Она нашла ее, вырвала из полыхающих искажениями помех – спасательную капсулу катапультированного пилот-ложемента.
Сколько раз она проходила этот обязательный тест на распознавание одной единственной, но исключительно важной в условиях любой обстановки суммы энергетических полей?
Сотни?
Тысячи?
Знание было так прочно закреплено на уровне инстинктивного восприятия, что ошибиться было попросту невозможно.
Ее побелевшие пальцы отпустили подлокотники, коснувшись сенсоров управления примитивной, но мощной машины.
Впервые за многие годы она отдала мысленный приказ:
Иван, в вездеход, быстро..!
В душе и разуме Инги царило абсолютное смятение, как и тогда, в черный для нее миг потери всех идеалов и ценностей.
Все ее внимание было сосредоточено сейчас на траектории падения пилот-ложемента сбитого «Х-Страйкера».
* * *Сразу за зоной раскопок и изуродованным, еще дымящимся гарями лесом, за пространством, усеянным обломками механизмов, и фрагментами шляпок исполинских грибов, начиналась дорога, проложенная в распадке меж «дышащих» холмов.

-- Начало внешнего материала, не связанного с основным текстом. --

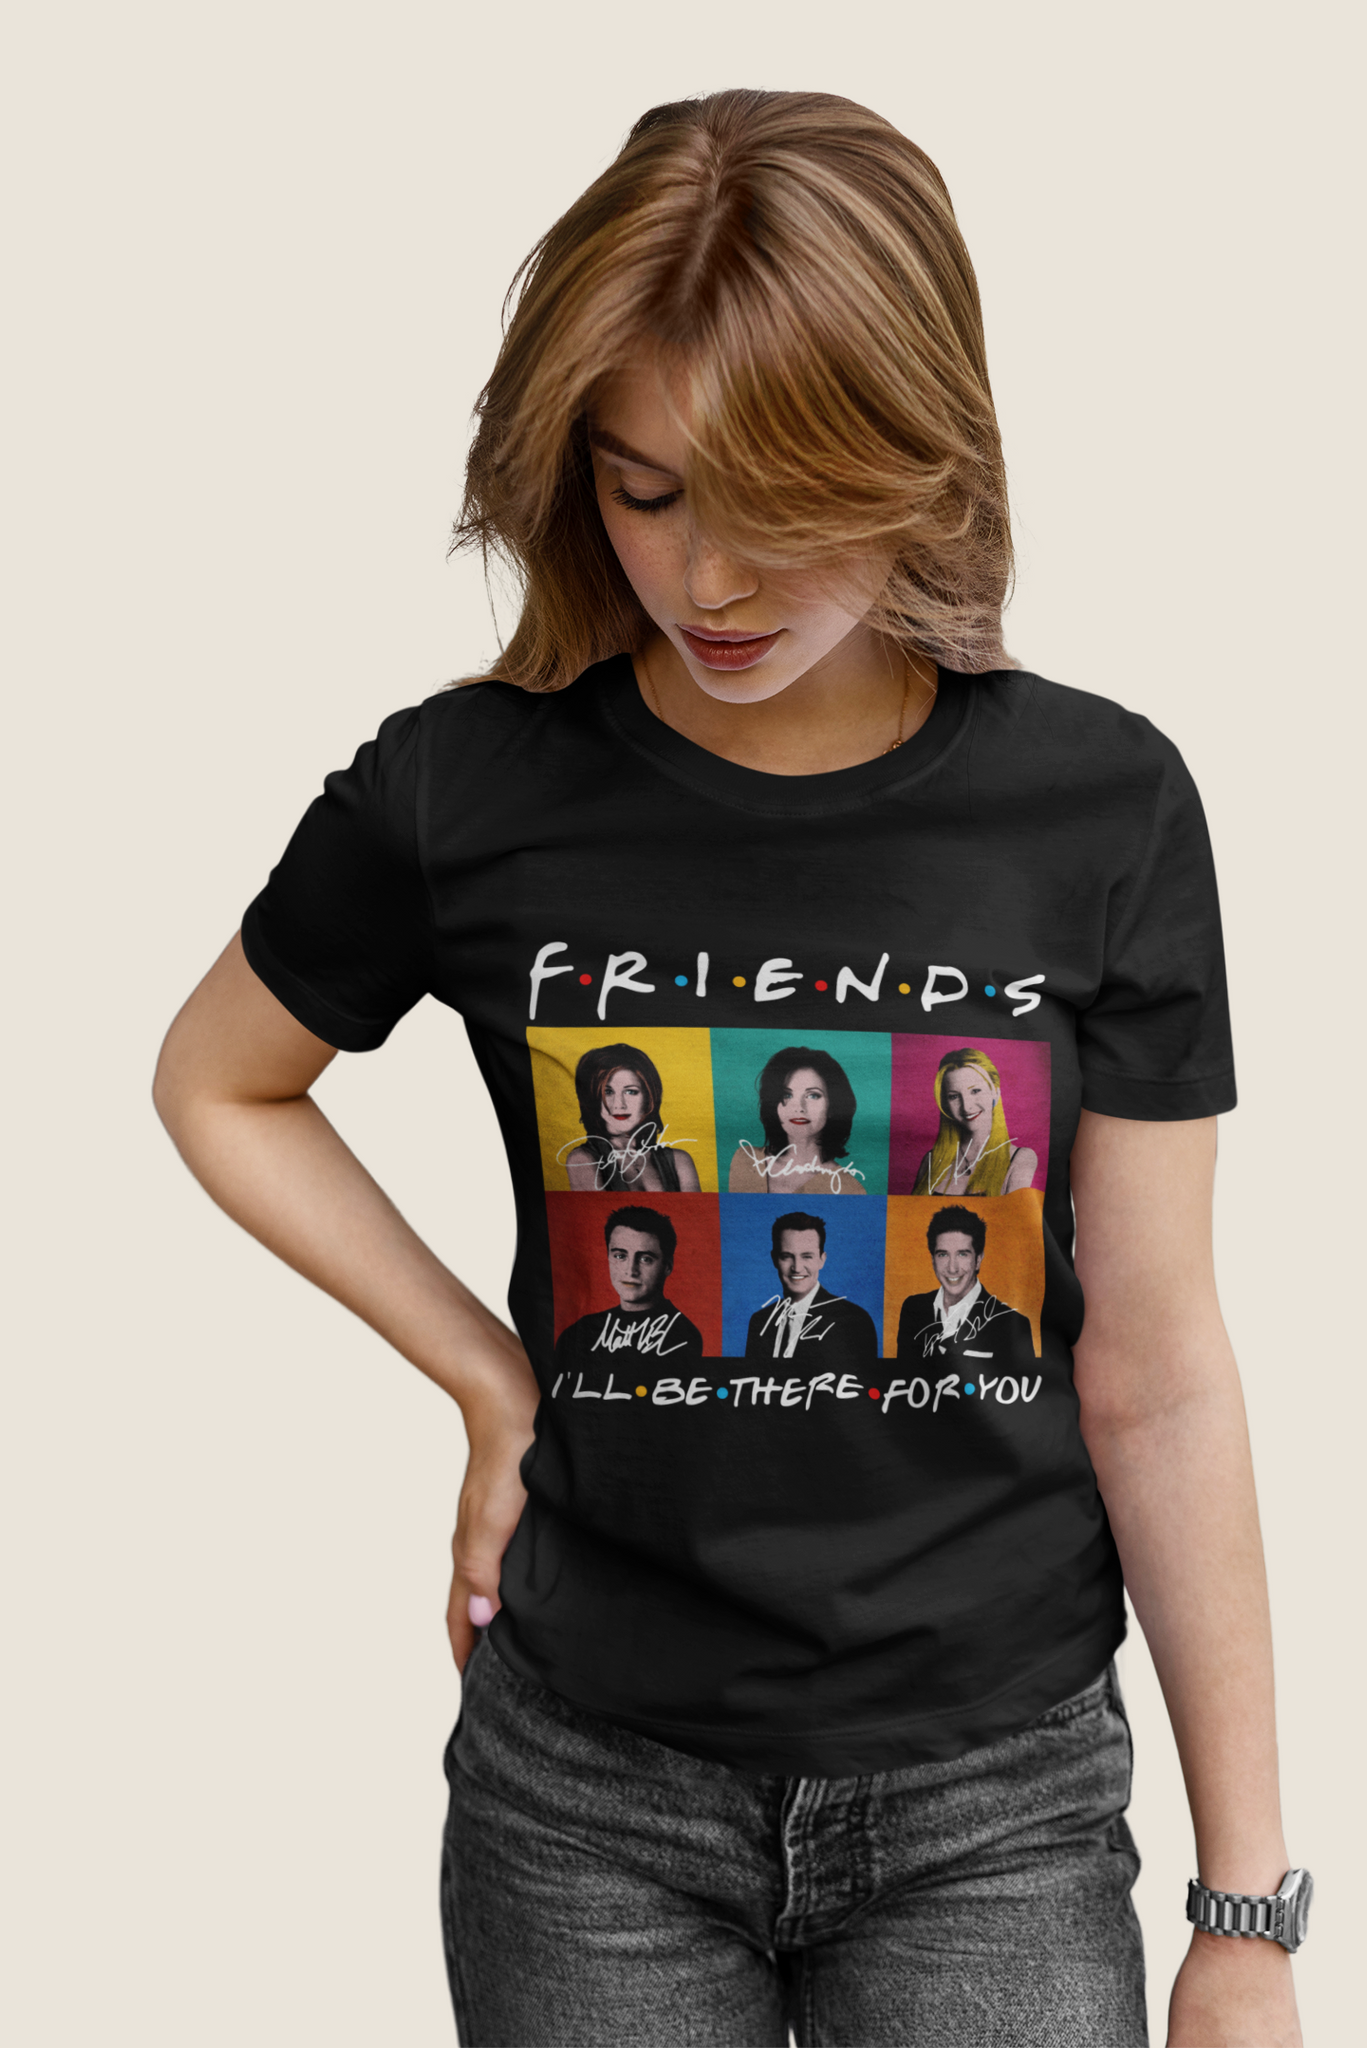 Friends TV Show T Shirt, Friends Shirt, Friends Characters T Shirt, Ill Be There For You Tshirt

Одна из форм местной исконной жизни: возвышенности, постоянно меняющие свой цвет и рельеф. Поросшие чем-то вроде мха невысокие холмы, конечно, не перемещались с места на место, но их поверхность находилась в постоянном движении – под толстым слоем меняющего цвет мха пробегали вздымающие поверхность пологие волны, словно там под пушистой «шкурой», перекатывались мощные мускулы, иногда совершенно неожиданно возвышенности покрывались воронкообразными впадинами, сквозь слой зеленого или пятнисто-красного «мха» неожиданно прорастали ярко-желтые побеги, с которых ветром уносило множество спор…
Инга иногда специально приезжала сюда, чтобы полюбоваться странными и загадочными метаморфозами иной жизни.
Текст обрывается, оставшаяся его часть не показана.